Deriving more information

Sometimes the subject being evaluated is not directly evaluatable. Perhaps the individual who is taller than 4 feet (121.9cm) wants to enjoy a beer prior to riding the rollercoaster, there is no direct visual match of "good" or "bad" at the concession stand. Instead, they present their identification, which converts the person (who presumably matches the photo on the ID) into a birthday, which can then be converted into an age, which is then used to determine "good" or "bad" with regards to alcohol sales.

Using Policies

The primary usage of policies is everywhere, though policy enforcement points (PEPs).

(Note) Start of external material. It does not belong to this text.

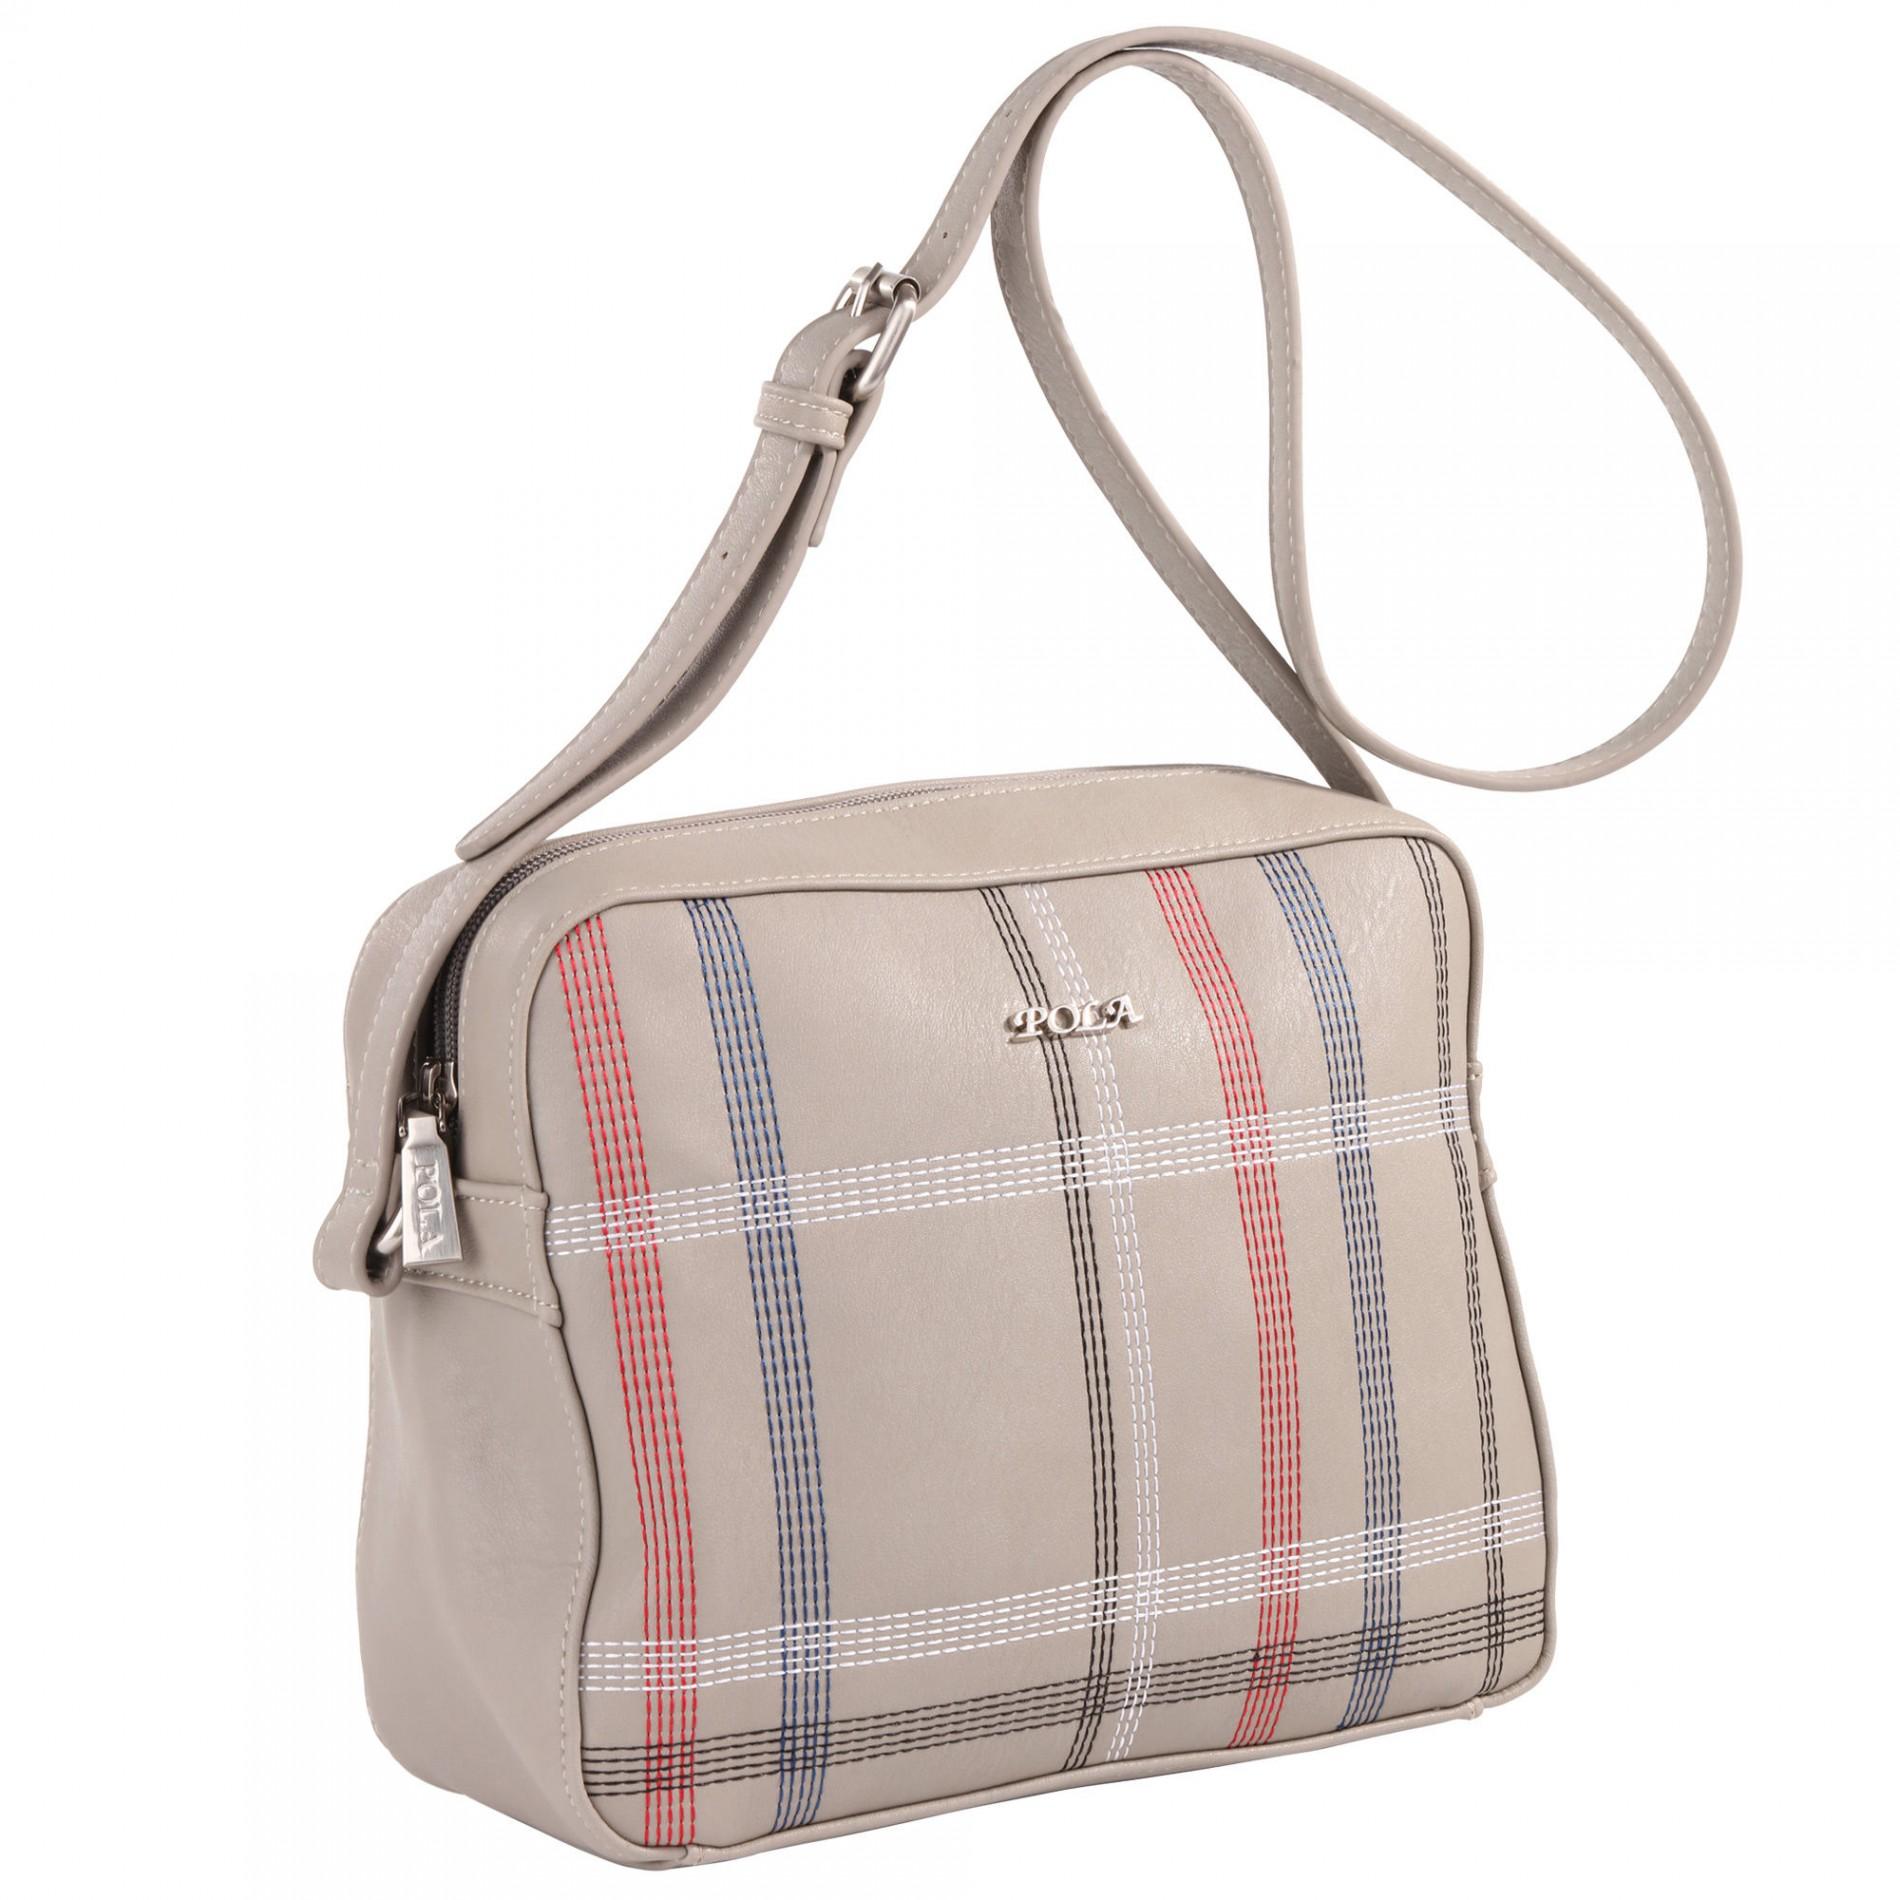 Мужские сумки в Ты Купи Купить мужскую сумку недорого в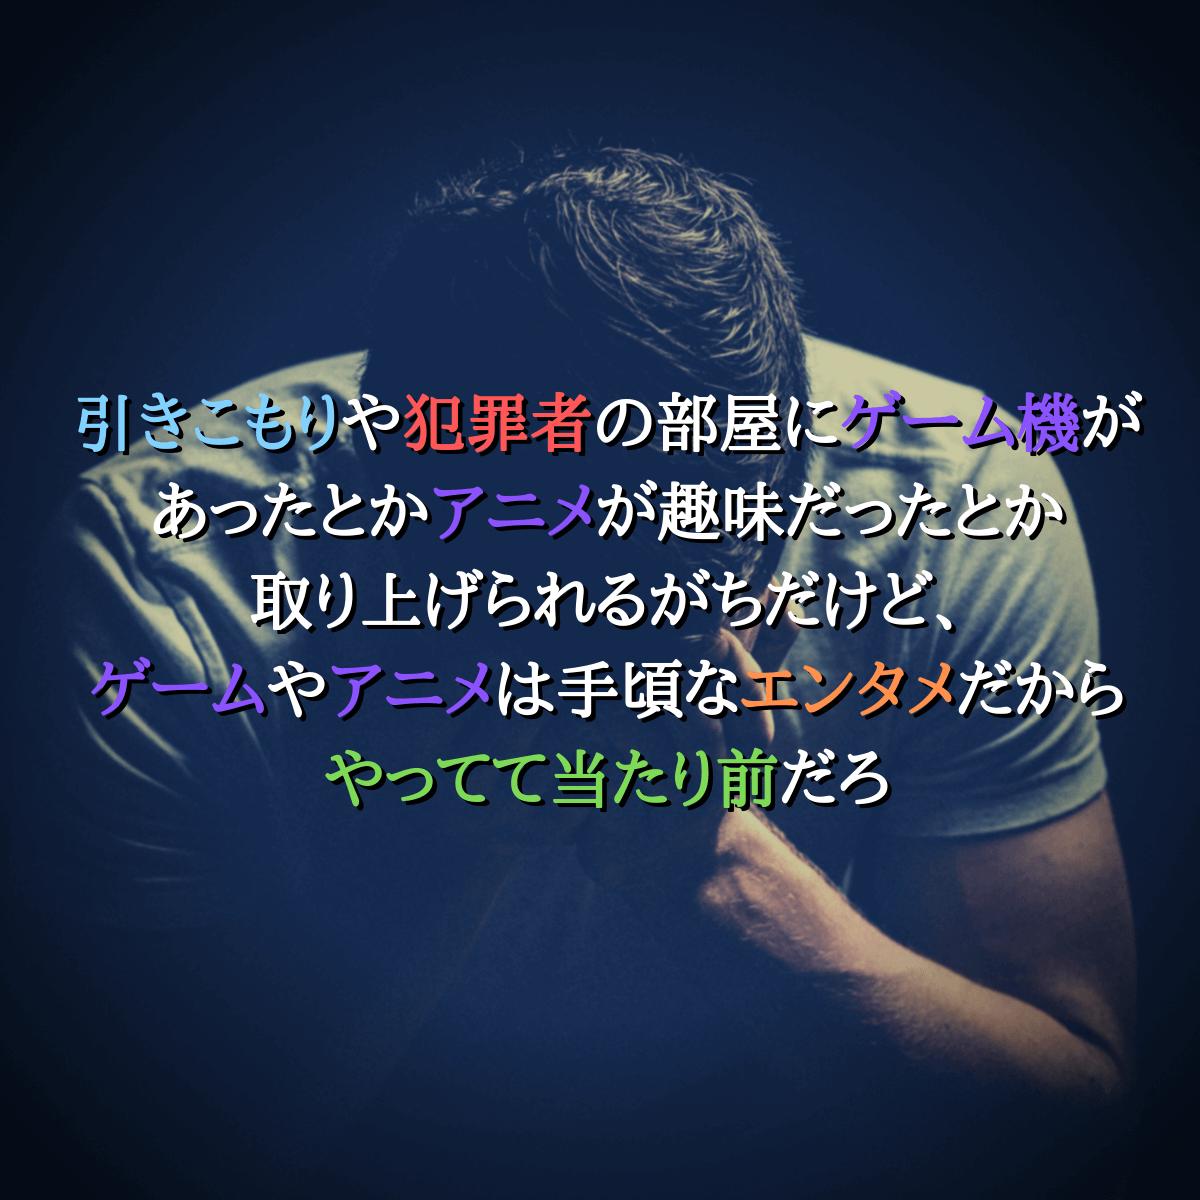 f:id:tosakax:20190629111457p:plain

At rollercoasters, the turnstile with the height pointer is PEP. At the concession stand, the human checking IDs is a PEP.

Policy enforcement in the Software Development Lifecycle

A given bit of code exists through a lifecycle starting with the conception of the code all the way through to the deployment an subsequent maintenance of the application it is in service of.

  • Think of some code.

  • Write some code.

  • Borrow some other code to support this code.

  • Test the code.

  • Build the code.

  • Build it again a few more times.

  • Test the code.

  • Press out a gold master CD of the code.

  • Deploy the code.

  • Notice the code is bad bad bad

  • Fix the code.

  • Go back quite a few steps and do it all again.

Policy enforcement is applicable almost anywhere that something moves. Just as it’s preferable to discover bugs early in the lifecycle, it’s also beneficial to enforce policy sooner rather than later, in order to provide more time (and require less effort) to remediate any discovered violations.

When code moves from our fingers into the repository, policies could be enforced. When code passes the CI build, and needs to move towards QE or production, policy can be enforced.

Each move may require different policies, enforced to different degrees. What’s okay within an upstream open-source project’s CI policy set may not be sufficient for a Fortune 1000 company moving the same code into a customer-facing production cluster.

Common Policy Enforcement Points

  1. Selecting dependencies

  2. Committing code

  3. Pull-request merging

  4. Accepting the output of a CI run

  5. Accepting a workload for deployment

A note about "exceptions to the policy"

Exceptions don’t exist, they are just a conspiracy by Big Decision to sell more policies.

Any true exception that routes around policy is indistinguishable from a violated policy.

In order to support "exceptional" circumstances, it is our view that exceptions should be codified as policies.

For instance, the policy of "People under 4ft (121.9cm) tall cannot drink beer" is both weird and straight-forward. To allow for exceptions, the policy can be reformulated as "People under 4ft (121.9cm) tall cannot drink beer, unless Bob says it’s okay."

Now the person who can’t ride the rollercoaster can have a beer if Bob gives the thumbs-up, and no policy violation has occurred. In fact, now the "exception" is even tracked and auditable.